Buen dia a todos, soy nuevo en este foro, quiero hacer un Router CNC con arduino UNO
Tengo una duda de con cuanta tension (V) alimentar el motor y en internet no encuentro ningun datasheet. El motor es un KH56LM2-049 . 1.8 grados por paso. espero que me puedan ayudar, 
Otra duda es que es un motor Unipolar de 6 cables y en la CNC SHIELD que tengo tiene 4 pines que irían conectados al motor, hay alguna forma de solucionarlo o es que las CNC shield estan diseñadas para motores bipolares? 
gracias de antemano.


----------



## Scooter (Abr 21, 2017)

El problema sería al revés; conectas las bobinas por los extremos y ya está.


----------



## Dalmiro (Abr 21, 2017)

Scooter dijo:


> El problema sería al revés; conectas las bobinas por los extremos y ya está.

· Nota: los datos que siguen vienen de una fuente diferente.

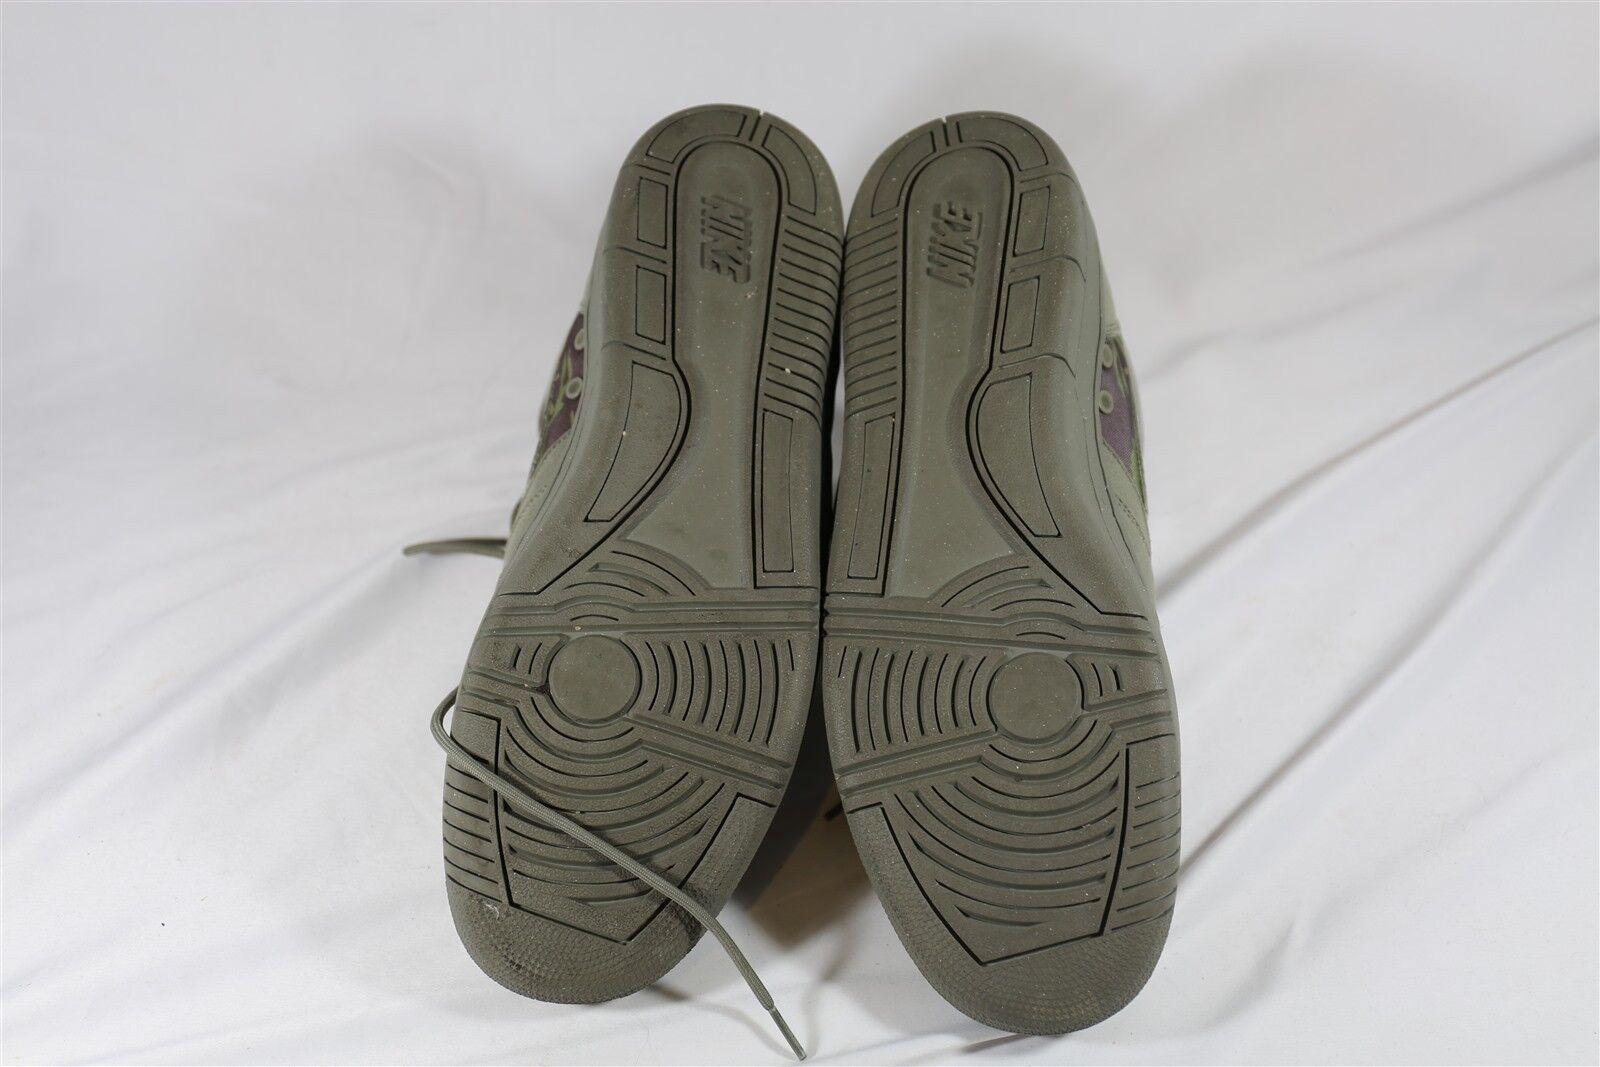 9209600d4d79 NIKE SKY FORCE 88 MID 454452-300 Size 15 15 15 Shoes e67164 ...

No se de que me estas hablando. De la tension para alimentar el motor o como conectarlo a la CNC Shield?


----------



## cuervobrujo (Abr 21, 2017)

Arduino-> shield ->driver -> Motor.
dependiendo de lo que quieras torque o velocidad, se conectan diferente.
Lee aqui.., te sacaras algunas dudas..
Lo que te dijo scooter es conectar los extremos de las bobinas, y usarlo como bipolar





Te dejo el catalogo de Japan Servo, Esta la serie KH56, no específicamente tu modelo.Pero si los otros, quizás te sirva para comparar.
Es lo máximo que e encontrado de esta marca de motores...y luego en foros rusos, etc, pero casi todos también buscan lo mismo..
Yo tengo los de la serie KH42 con diferente terminación de lo que figura en el catalogo pero las especificaciones son iguales 
Creo que al ser motores reciclados, la fabrica les cambia la terminación, o los deja obsoletos (para ellos) 
y asi te condicionan a comprar los nuevos.. 
compara la resistencia de las bobinas y la inductancia, con los que figura en el catalogo


----------



## Dalmiro (Abr 22, 2017)

Muchas gracias Cuervo por la dedicacion de buscar y explicar, me sirvo mucho tu ayuda ahora ya entiendo como conectarlo. Lo que yo nececito seria mas torque. El .pdf es el que ya habia encontrado pense que cambiaba las configuraciones, hable con un profesor de la escuela y me dijo lo mismo que vos.
Saludos!
PD: Nose porque no me deja responde a tu comentario


----------



## Scooter (Abr 23, 2017)

Dalmiro dijo:


> No se de que me estas hablando. De la tension para alimentar el motor o como conectarlo a la CNC Shield?


Pues si no lo entiendes a lo mejor es que no has entendido como van los pap y su conexionado, no lo que yo digo.
Entendiendo el pap es semi obvio/evidente el conexionado.

Para conseguir más par necesitas más corriente, o más vueltas en la bobina, o las dos.
Una de las ventajas del conexionado "por los extremos" es que puede dar más par ya que estás empleando dos bobinas cada vez en lugar de una.
Eso claro, poniendo la tensión adecuada.
Es decir uno de cuatro polos de 12V, si lo conectas como bipolar deberás de poner 24V para que la tensión en cada bobina sea de 12V que es la nominal de cada una de ellas.
Si lo pones a 12 solo habrán 6 en cada bobina y eso limitará la corriente y por lo tanto bajará el par.


----------